Satu hal pasti, mengingat cuaca yang tidak menentu, sebaiknya jamaah lebih sering mengkonsumsi buah-buahan dan air zam-zam. Memang sering jamaah mendapat sari buah dalam kemasan, namun saya kurang rekomen. Jika ingin sari buah, bisa membeli produk yang lebih meyakinkan di mini market dengan harga SAR 1 hingga 2.

Selama prosesi Arafah-Muzdalifah-Mina, dipastikan jadwal makan dan istirahat tak menentu. Kondisi ini sangat tergantung pada jadwal keberangkatan berpindah tempat, jadwal melempar jumrah, dan jadwal lainnya. Saya pernah mengalami jadwal makan siang terpaksa harus dilewati karena bersamaan dengan keberangkatan bus kembali ke Mekkah.

Bukankah makanannya bisa dibungkus dan dimakan di perjalanan? Tidak sesederhana itu.
Selama Arafah-Muzdalifah-Mina, setiap kloter mendapatkan satu meja layanan dengan deretan sajian prasmanan. Makanan disajikan dalam sebuah styrofoam terbuka (tanpa tutup) dan sulit untuk dibawa dalam perjalanan.
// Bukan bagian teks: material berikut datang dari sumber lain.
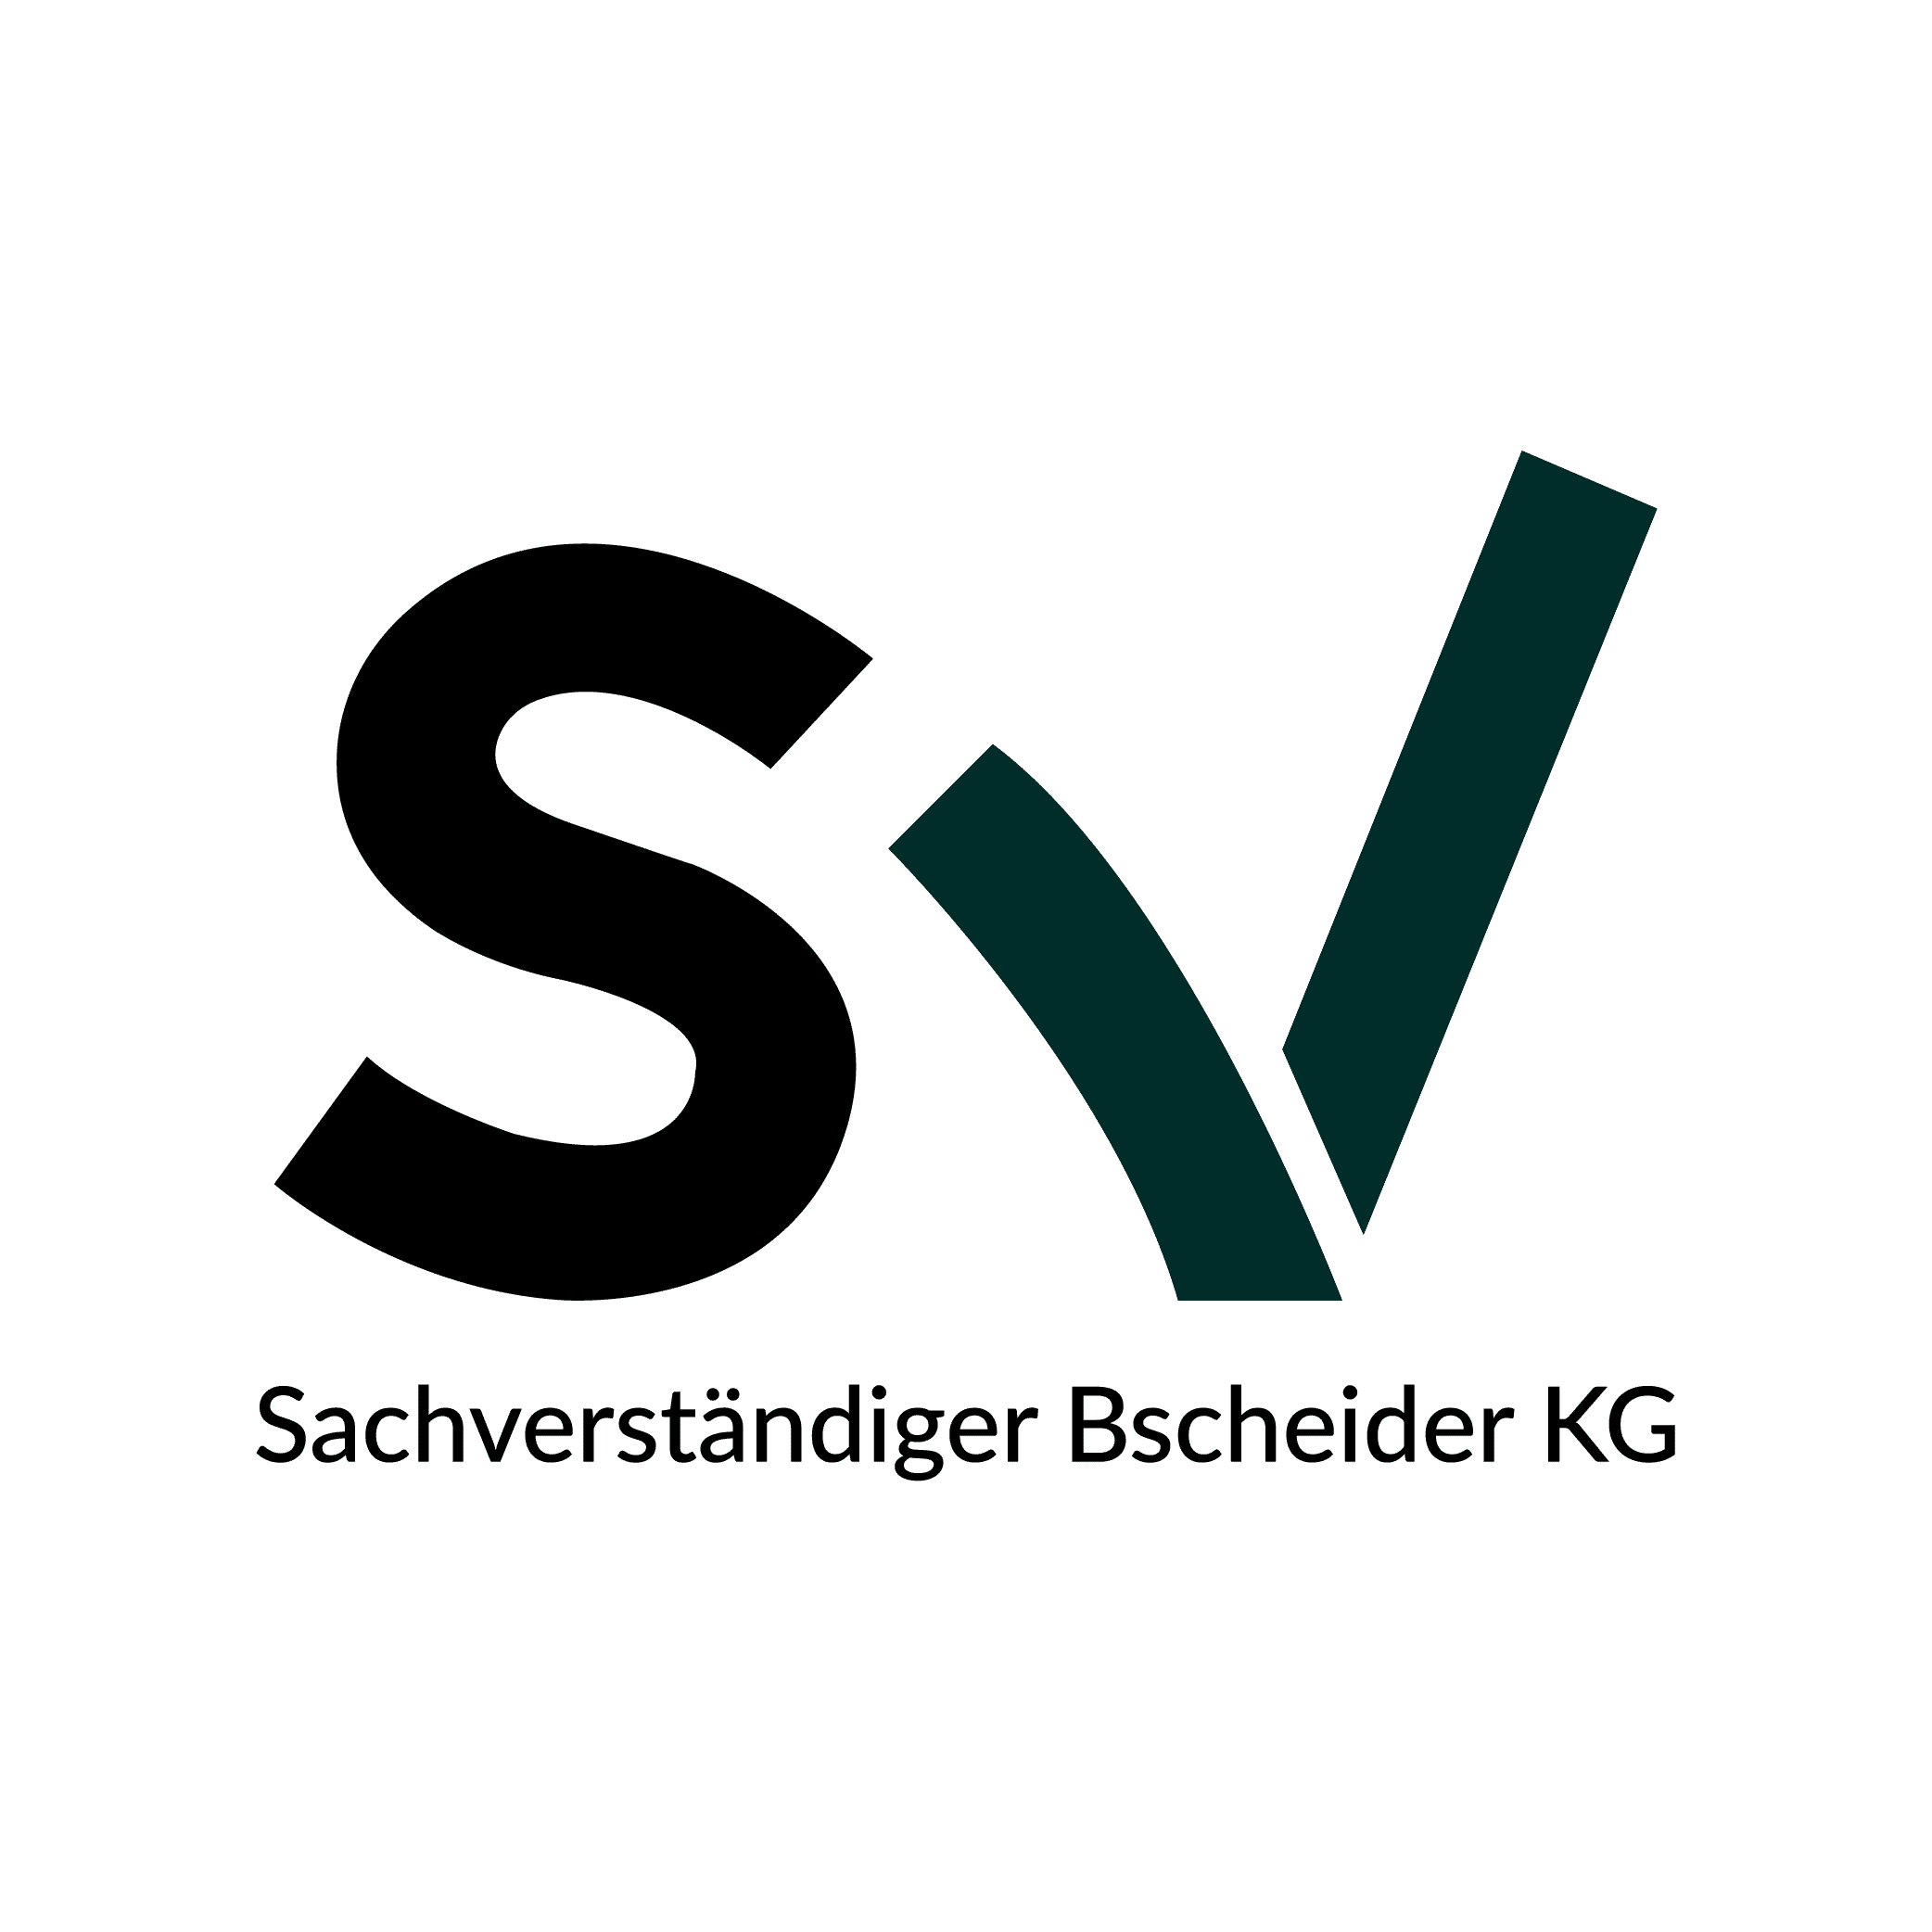 Bscheider-Logo_Zeichenflaeche-1.png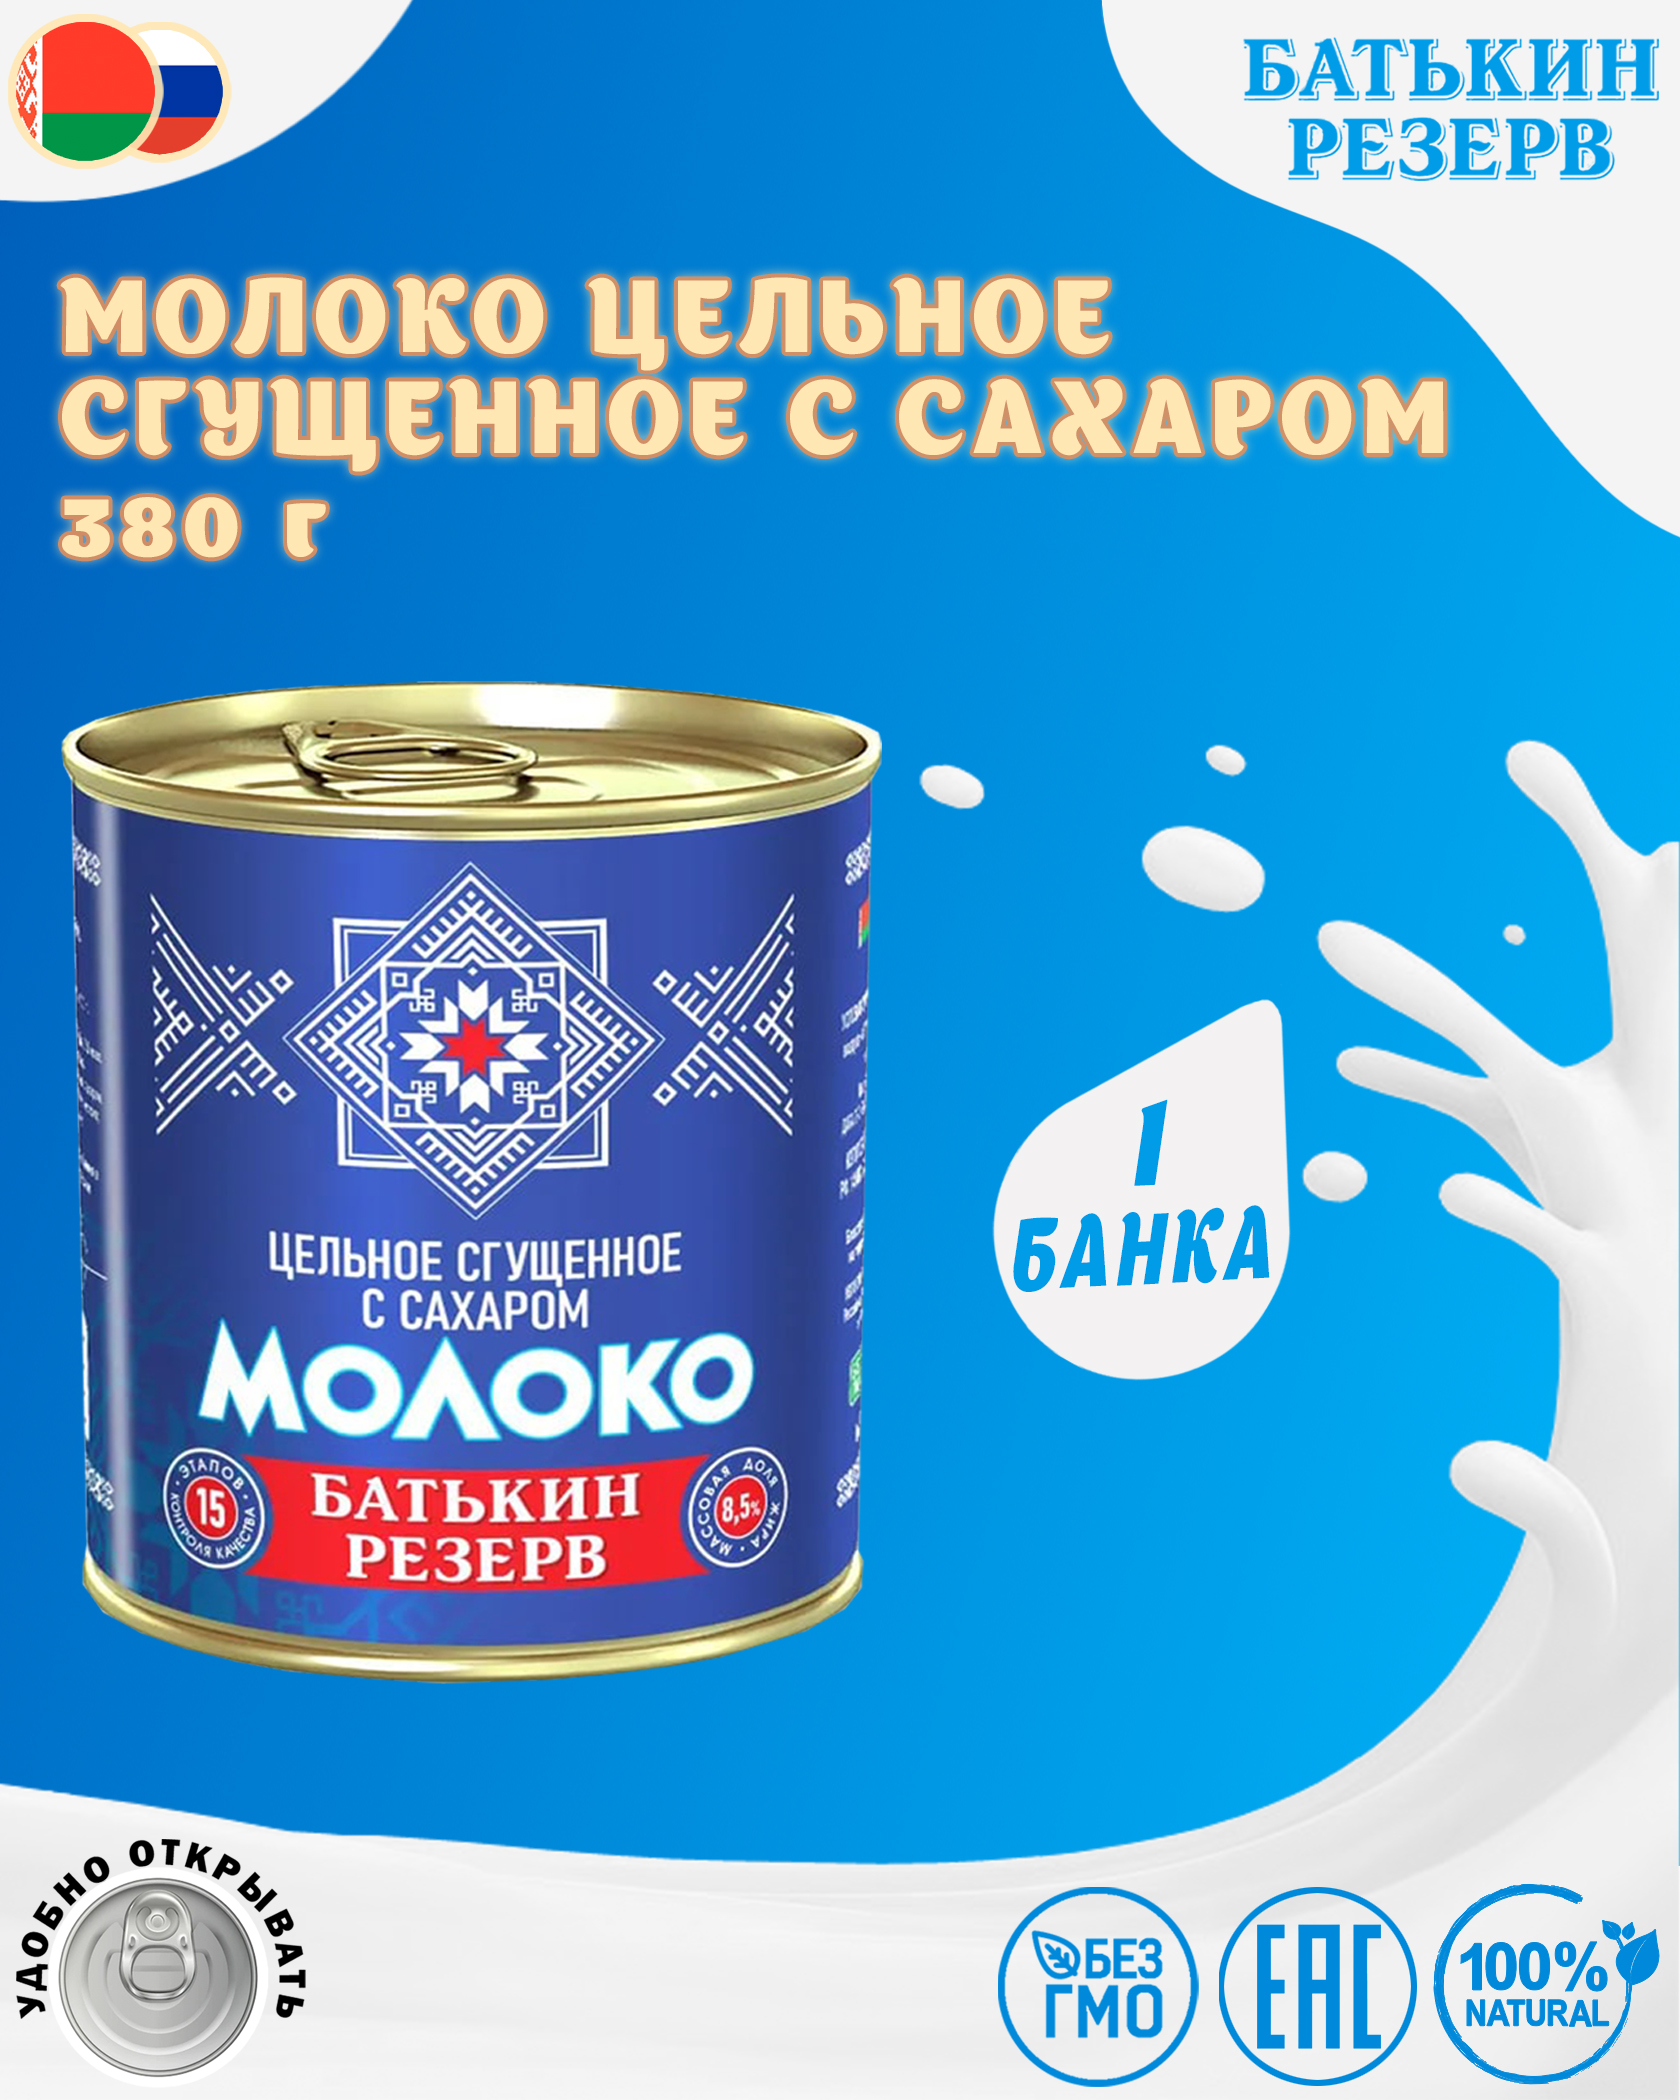 Молоко цельное сгущенное с сахаром, Батькин резерв, ГОСТ, 1 шт. по 380 г

Lebih parah lagi, karena hanya ada satu meja layanan untuk setiap kloter, dapat dibayangkan panjangnya antrian makan. Jika satu kloter terdiri dari 450 orang, dengan rata-rata 3 menit setiap orang, dapat dihitung waktu antrian. Saya sendiri memilih untuk makan roti dan buah-buahan saja, jika antrian panjang. Beruntung saya tak punya masalah dengan roti polos, dan banyak jamaah yang tidak tertarik dengannya. Jadilah saya penadah roti polos selama prosesi Arafah hingga Mina.

Saya hanya bisa menyarankan kepada rekan-rekan yang akan berangkat haji untuk mulai membiasakan diri makan apa adanya. Jangan menuntut atau mengeluh jika makanannya tidak sesuai selera. Makan saja apa yang ada, yang penting halal, bersih, dan sehat. Mengharapkan rasa makanan persis di Tanah Air sebenarnya mustahil. Selain itu ibadah haji adalah perjalanan penuh cobaan. Semakin kuat jamaah menerima cobaan (termasuk makanan yang ngga sesuai selera) dapat menambah lapisan iman dan taqwa. Anda masih beruntung dapat menikmati makanan 3x sehari. Banyak jamaah negara lain tidak punya kemewahan seperti itu.

Semoga perjalanan haji Anda mabrur, bahkan hingga bertahun-tahun setelah kembali dari Arafah.